The Two Way Peg Problem: how do we construct a protocol so that a participant can convert some amount of bitcoin to a side coin *and back* at a fixed rate? It is assumed no new coins are issued on the side chain. If you can solve this problem without unreasonable sacrifices, scaling is as good as solved, because you could create as many side chains as transaction volume necessitate. I started thinking about this problem long ago, but recently this very long article helped me to organize some of my thoughts: http://www.truthcoin.info/blog/drivechain/ . I appreciate the way this long article begins, articulating the problem and its many complications.
The critical difficulty is how to safely 'withdraw' funds back to the main chain after they have been passed around the side chain. The drivechain proposal is essentially to trust miners not to collude to steal the funds mid-withdrawal, which they could very easily do. In other words, we all completely trust SPV validation.This solution, I think, flies a little too close to the sun; requiring this much trust in miners would, for me, break bitcoin.

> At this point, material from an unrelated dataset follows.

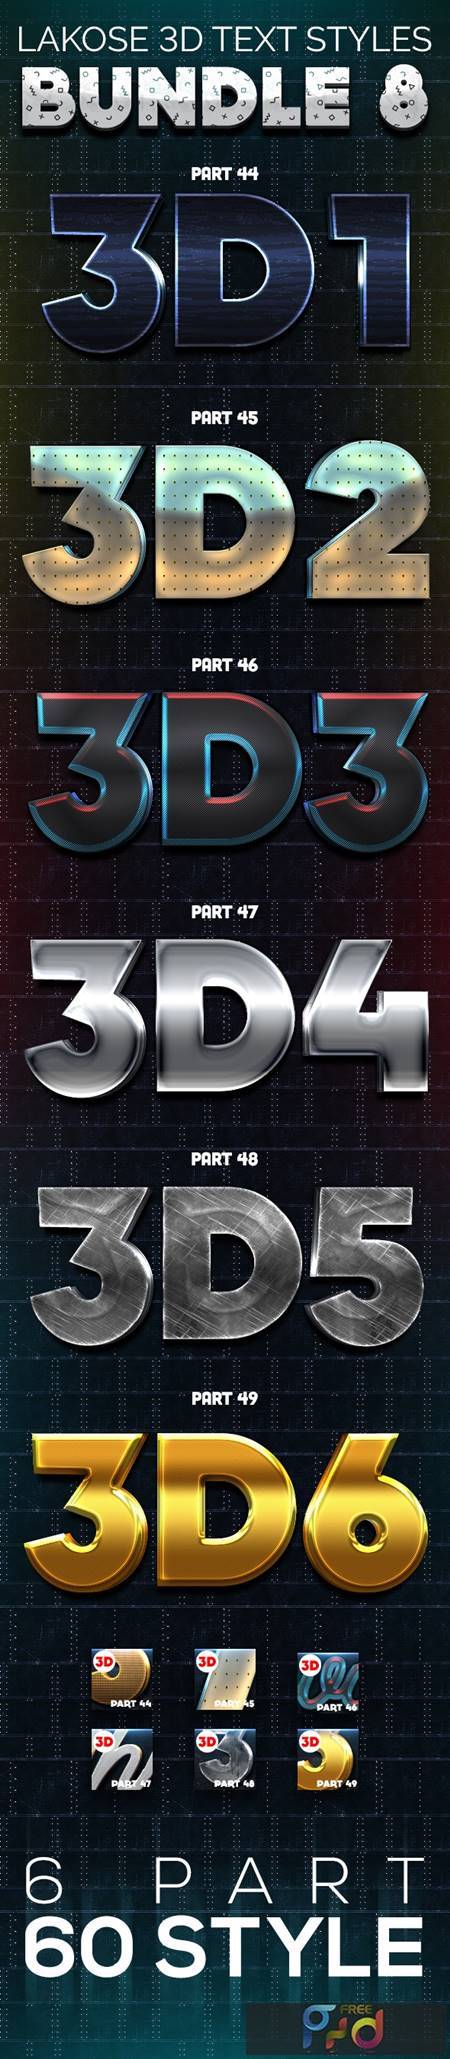 Lakose 3D Text Styles Bundle 8 26527596 1

However I think this discussion leads us to the Real Solution.
Let's think about what we know: The Drivechain folks tell us we can have a peg if we just trust miners. But this isn't the only way. Take a look, if you haven't already, at NXT/Supernet. Based on what I've heard in interviews (I haven't tried it myself), they have a different 2 way peg, in which withdrawals back to the main chain are protected by a federated network of trusted servers. O ho! So now we must trust federated servers. I feel like I keep being asked to trust someone in this supposedly trustless system. No sale! But I can't be too hard on them. At least they're trying.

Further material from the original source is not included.